Corak Cual merupakan perpaduan corak klasik yang diwariskan secara turun temurun dan corak baru yang menggambarkan keterbukaan masyarakat dan interaksi dengan alam sekitarnya. Didominasi warna merah serendit/merah buah rukam, selain warna ungu, hijau, kuning, biru, ragam corak Cual terinspirasi dari flora, fauna, benda angkasa, dan bentuk simetris lainnya, antara lain: kembang kenanga, kembang sepatu, pucuk rebung, tampuk manggis, kembang setangkai, kembang rukem, kembang china, kembang seroja, kembang kecubung, kembang gajah, kembang teratai, sumping, bebek setaman, garuda, naga bertarung, merak, ayam, ubur-ubur, ombak, butiran beras, bintang, gajah mada, talam, dan lainya.
Seiring perkembangan zaman, dikarenakan keindahan corak dan warna kain, serta tingginya status sang pemakai, Cual mulai dikenakan para pejabat dan orang-orang biasa yang kaya raya. Karena banyaknya permintaan dari luar kalangan bangsawan, keterampilan menenun yang berpusat di Kampung Petenun – Muntok yang merupakan tradisi para kaum perempuan dan bagian proses pendewasaan anak dara dari kalangan bangsawan Muntok - mulai diajarkan di kalangan rakyat biasa karena tingginya permintaan.
Sejak itu, Limar Muntok/Cual termasuk salah satu produk tenun khas orang Melayu yang ikut meramaikan perdagangan tenun antar pulau seperti ke Palembang, Pontianak, Belitung, Singapura, dan tanah Melayu lainnya hingga abad 19, dan mulai surut ketika perang melanda daratan Eropa, yang menyebabkan bahan baku berupa benang emas dan benang sutera yang diimpor dari India dan Cina hilang dari pasaran. Kondisi ini berlanjut hingga perang dunia II.

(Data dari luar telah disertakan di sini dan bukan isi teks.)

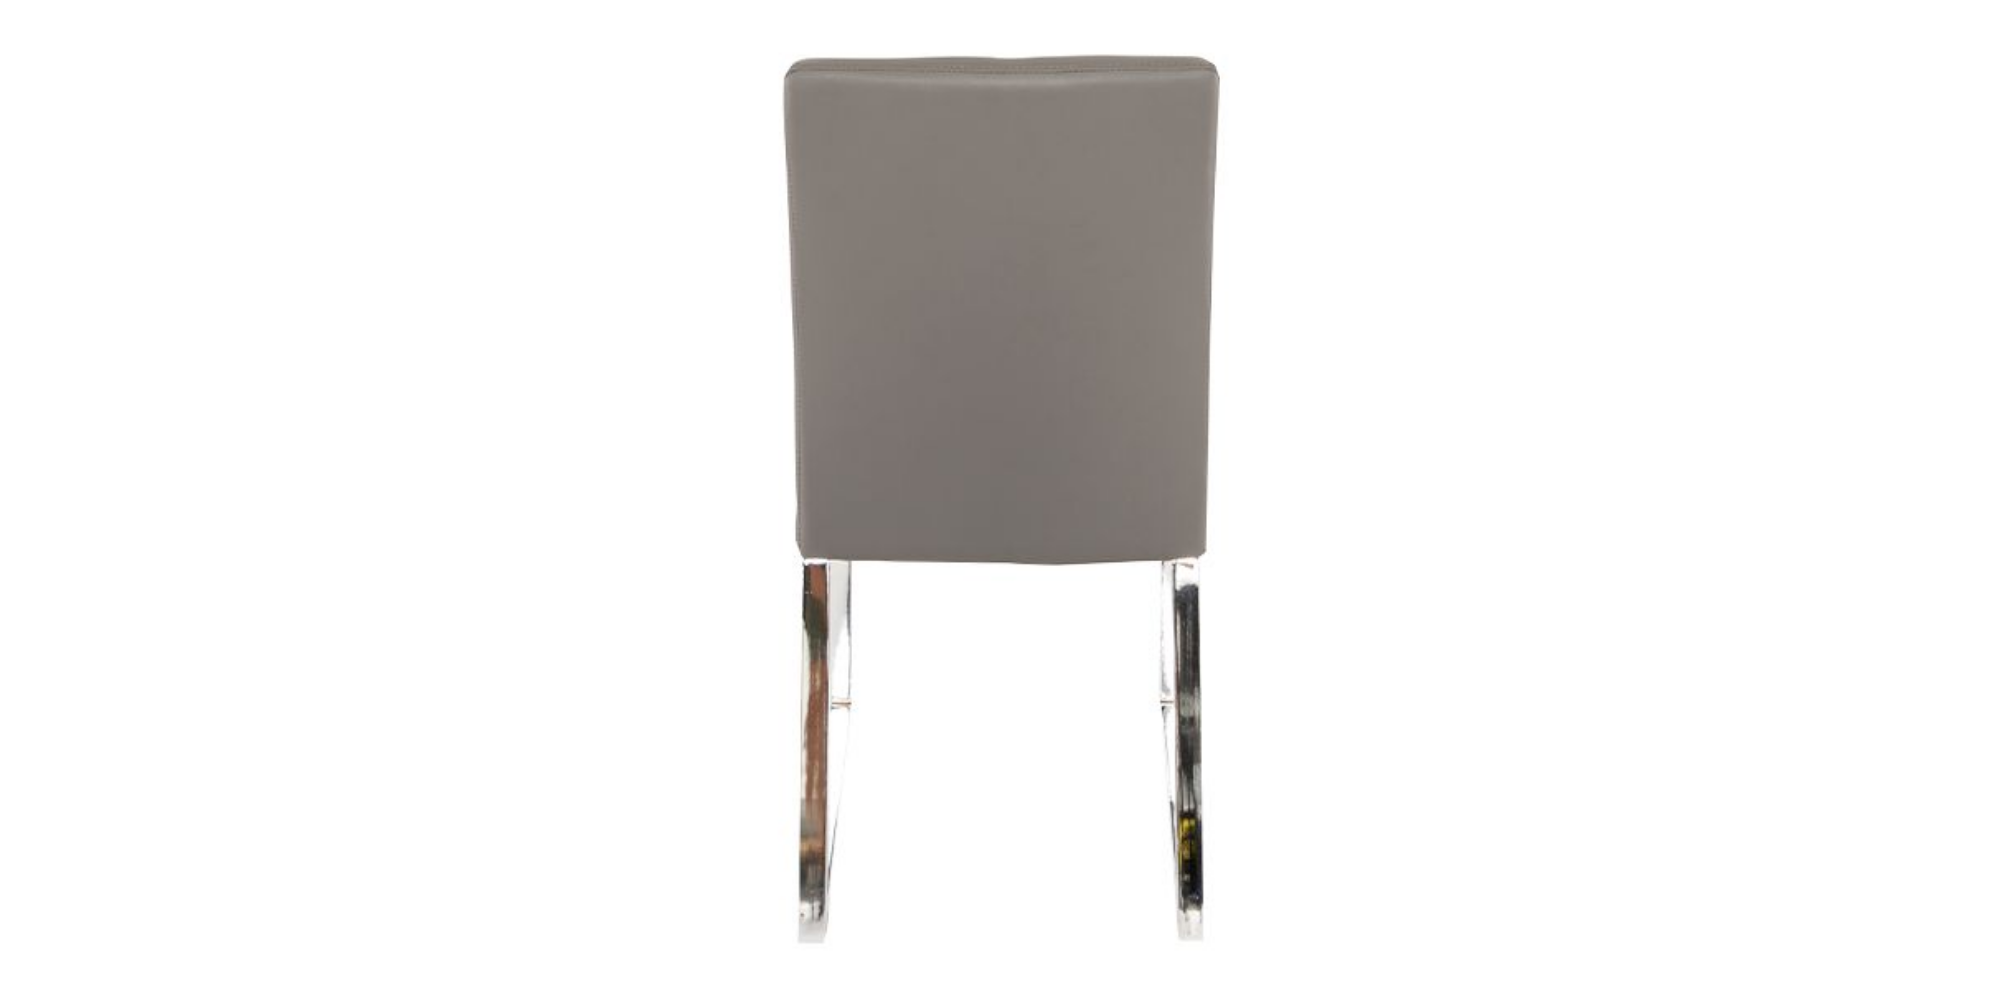 Niero Dining Chair Gray

Setelah hampir satu abad karya budaya lokal ini sempat ‘menghilang’ dari masyarakat Bangka, pada tahun 1990-an Pemerintah Daerah mulai menyadari kekayaan budaya yang nyaris punah ini, dan memulai upaya revitalisasi. Saat ini, motif cual yang diaplikasikan dalam bentuk batik dapat ditemui dengan mudah di Bangka Belitung. Pengrajin tenun cual dapat ditemui di Kampung Petenun Kota Muntok Kabupaten Bangka Barat dan di Selindung Kota Pangkalpinang. Terdapat pula Museum Kain Cual di Kota Pangkalpinang.